This position is only for professionals based in Argentina or Uruguay.
We are looking for a data engineer to join one of our clients' teams.
You will help enhance and scale the data transformation and modeling layer.
This role will focus on building robust, maintainable pipelines using dbt, Snowflake, and Airflow to support analytics and downstream applications.
You will work closely with the data, analytics, and software engineering teams to create scalable data models, improve pipeline orchestration, and ensure trusted, high-quality data delivery.
Key responsibilities include designing, implementing, and optimizing data pipelines that extract, transform, and load data into Snowflake from multiple sources using Airflow and AWS services.
You will build modular, well-documented dbt models with strong test coverage to serve business reporting, lifecycle marketing, and experimentation use cases.

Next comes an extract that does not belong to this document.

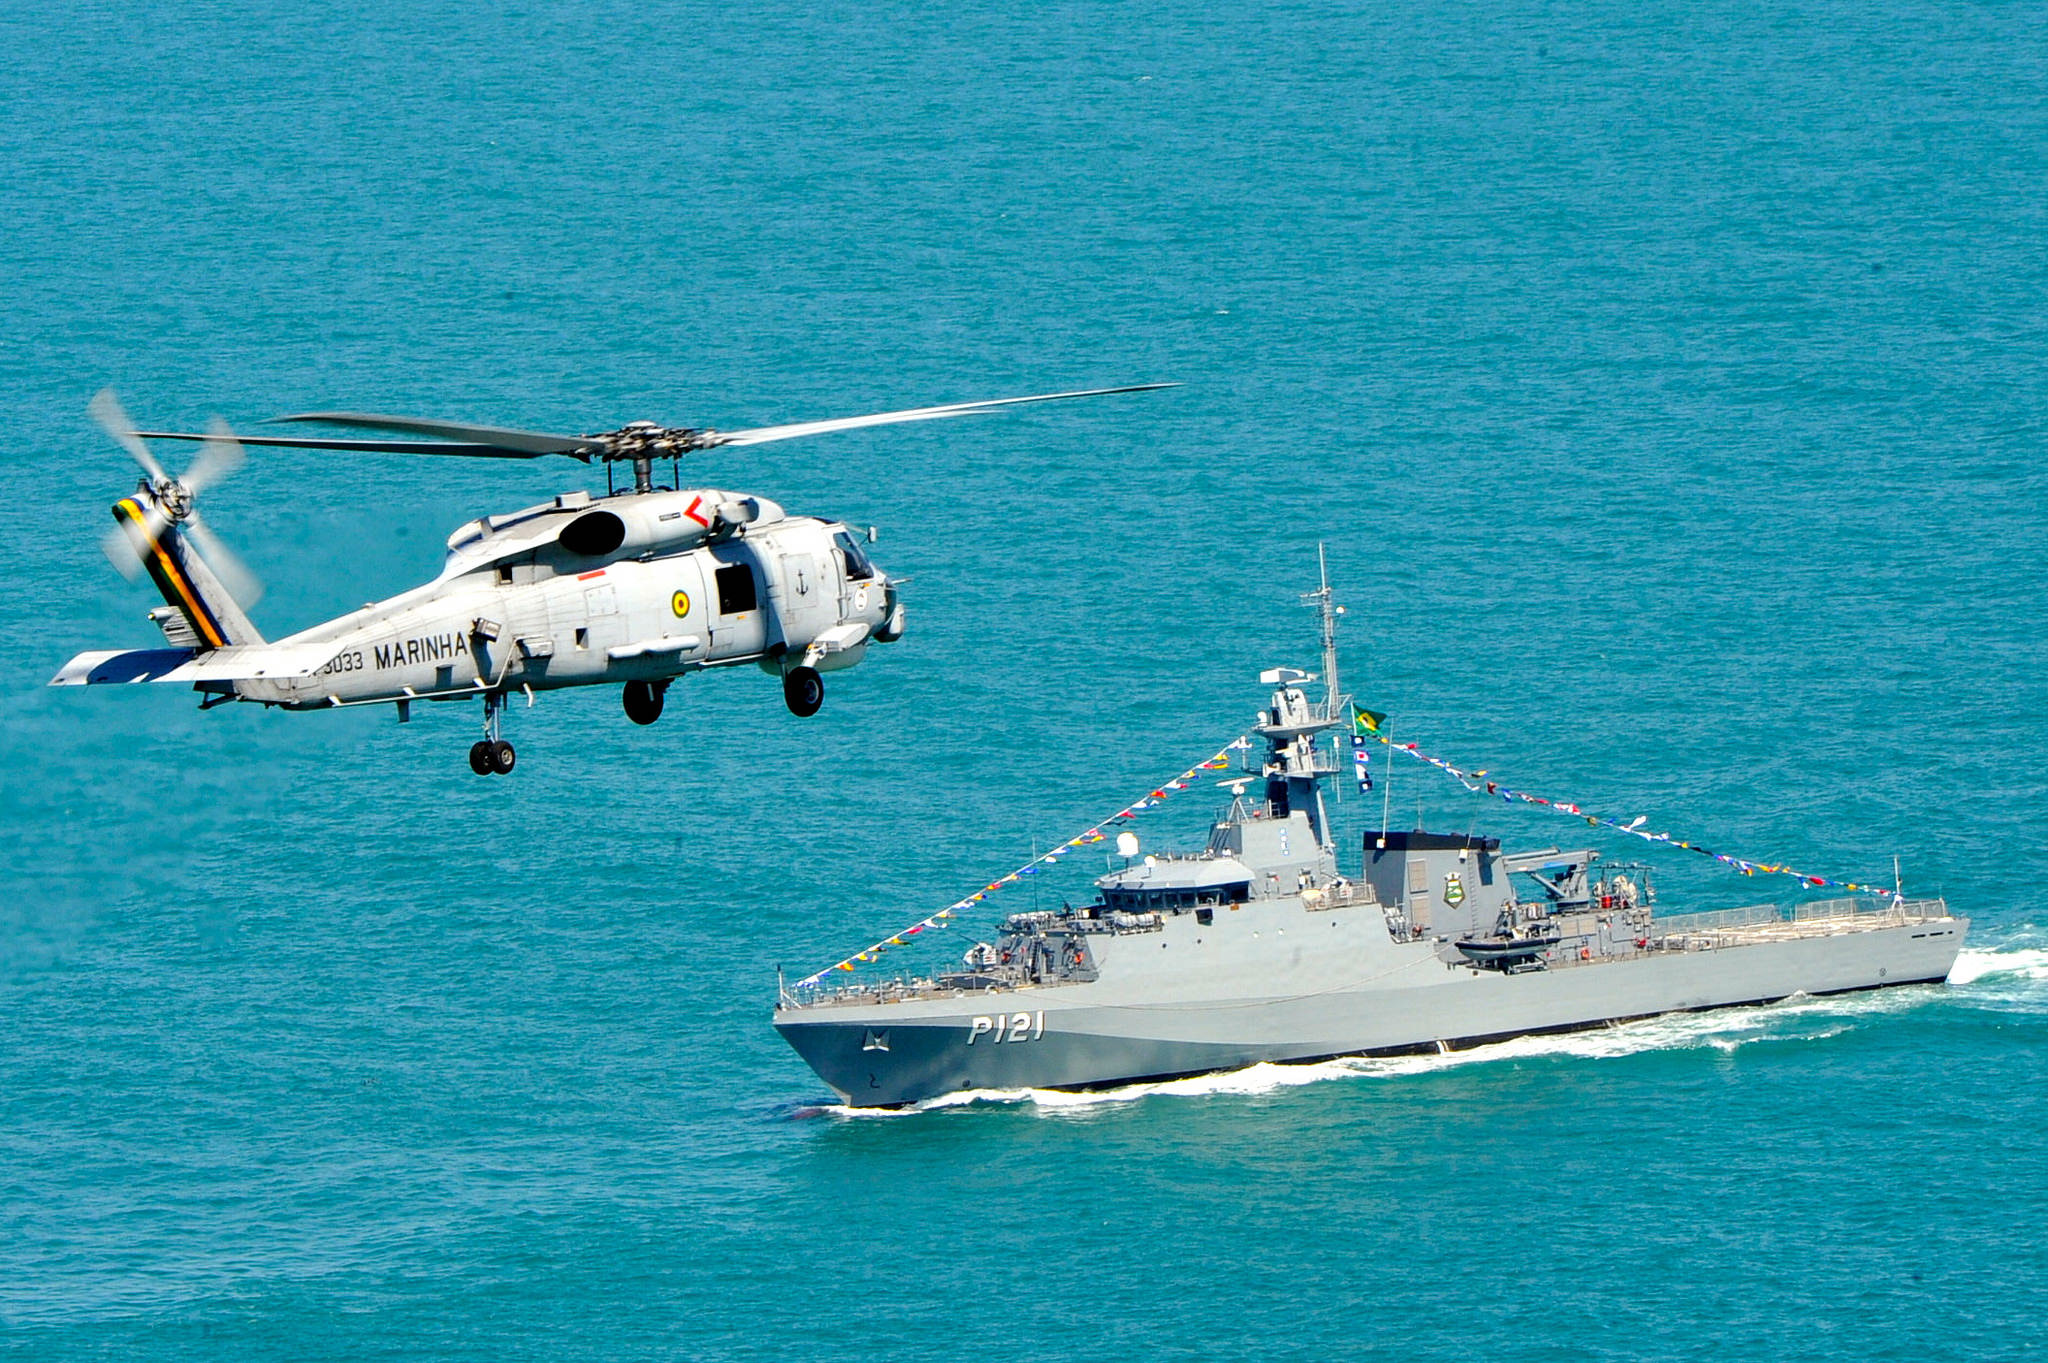 SH-16 Seahawk e NPaOc Apa

You will partner with analytics and business stakeholders to define source-to-target transformations and implement them in dbt.

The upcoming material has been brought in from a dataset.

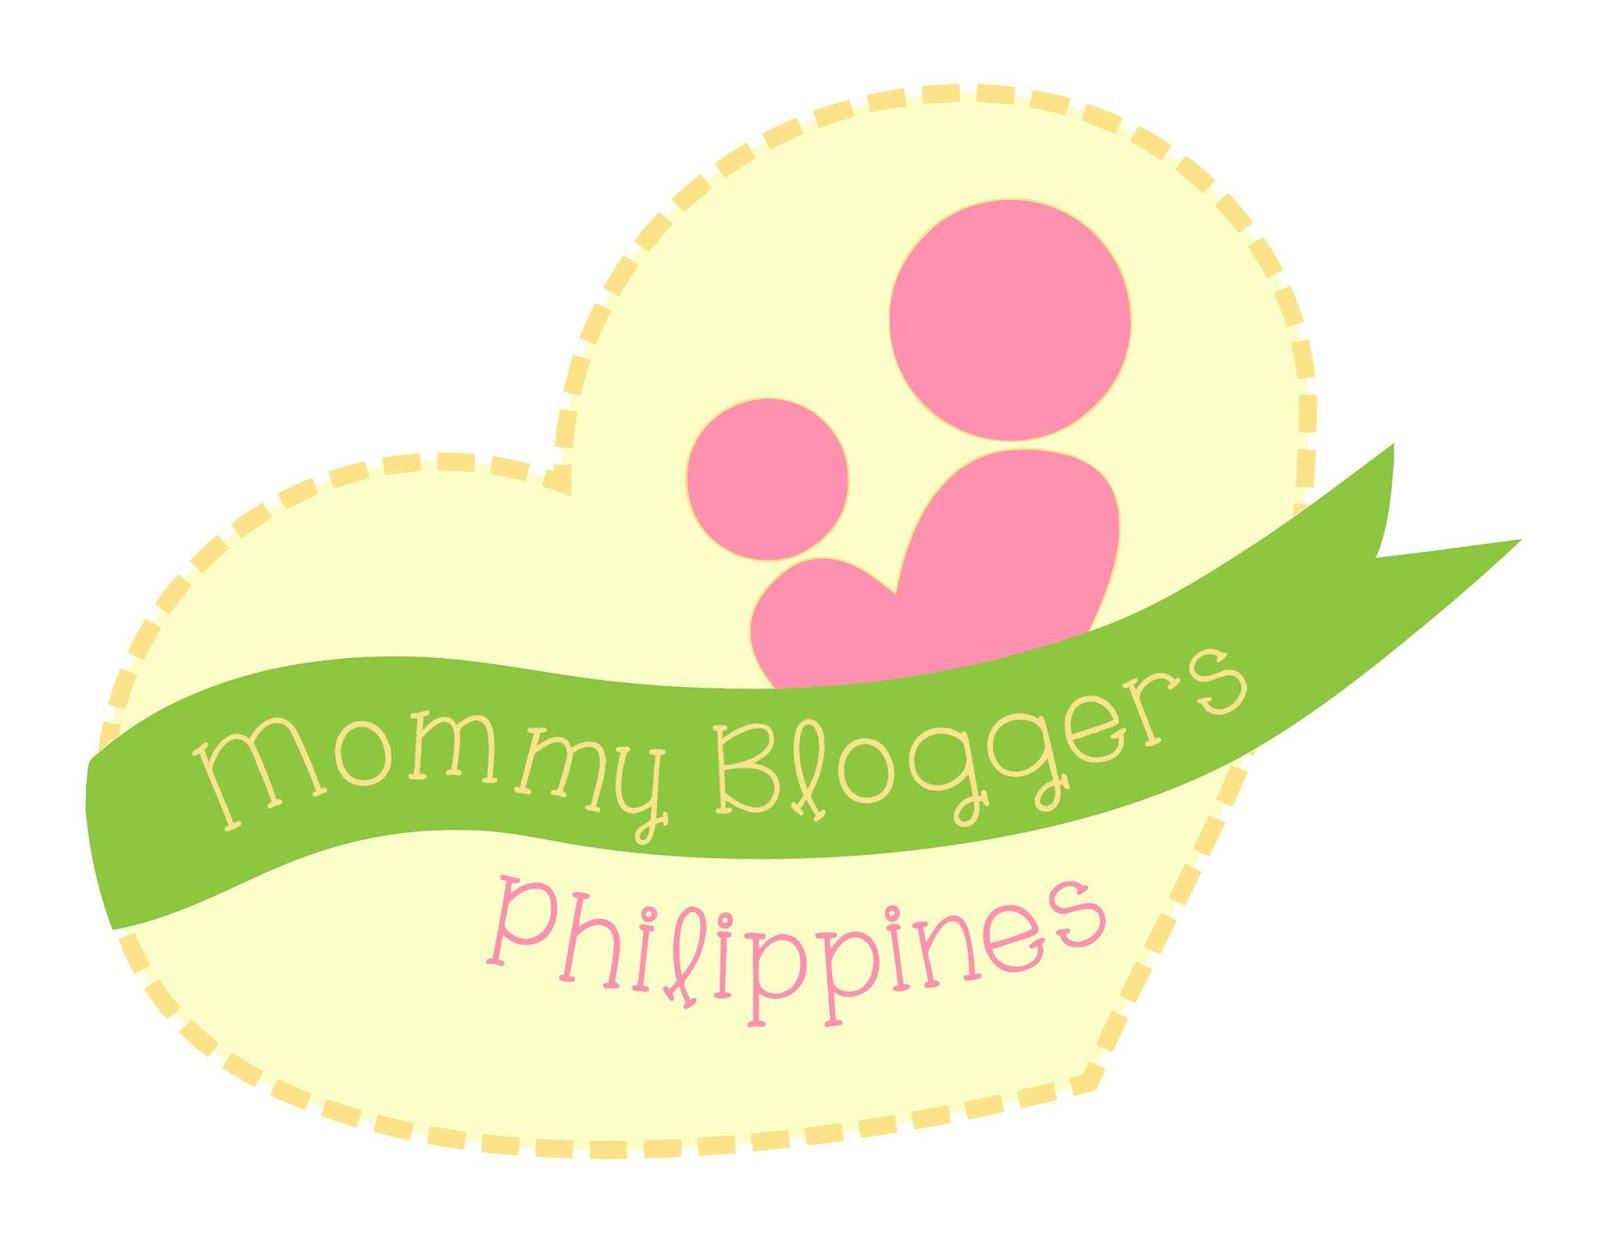 Mommy Blogger

You will maintain and improve the orchestration layer (Airflow/Astronomer) to ensure reliability, visibility, and efficient dependency management.
You will collaborate on data model design best practices, including dimensional modeling, naming conventions, and versioning strategies.
Requirements:
You must have hands-on experience developing dbt models at scale, including the use of macros, snapshots, testing frameworks, and documentation.
You should be familiar with dbt Cloud or CLI workflows.
Strong SQL skills and an understanding of Snowflake architecture, including query performance tuning and cost optimization, are required.
You must have solid experience managing Airflow DAGs, scheduling jobs, and implementing retry logic and failure handling; familiarity with Astronomer is a plus.
Proficiency in dimensional modeling and building reusable data marts that support analytics and operational use cases is necessary.
Familiarity with AWS services such as DMS, Kinesis, and Firehose for ingesting and transforming data is a nice to have.
Familiarity with event data and related flows, piping data in and out of Segment is also a nice to have.
Benefits:
The position offers the opportunity to work with cutting-edge technologies in data engineering.
You will be part of a collaborative team that values innovation and continuous improvement.
The role provides a chance to enhance your skills in data modeling and pipeline orchestration.
You will have the opportunity to work closely with analytics and business stakeholders, impacting business decisions.
The position allows for professional growth in a dynamic and supportive environment.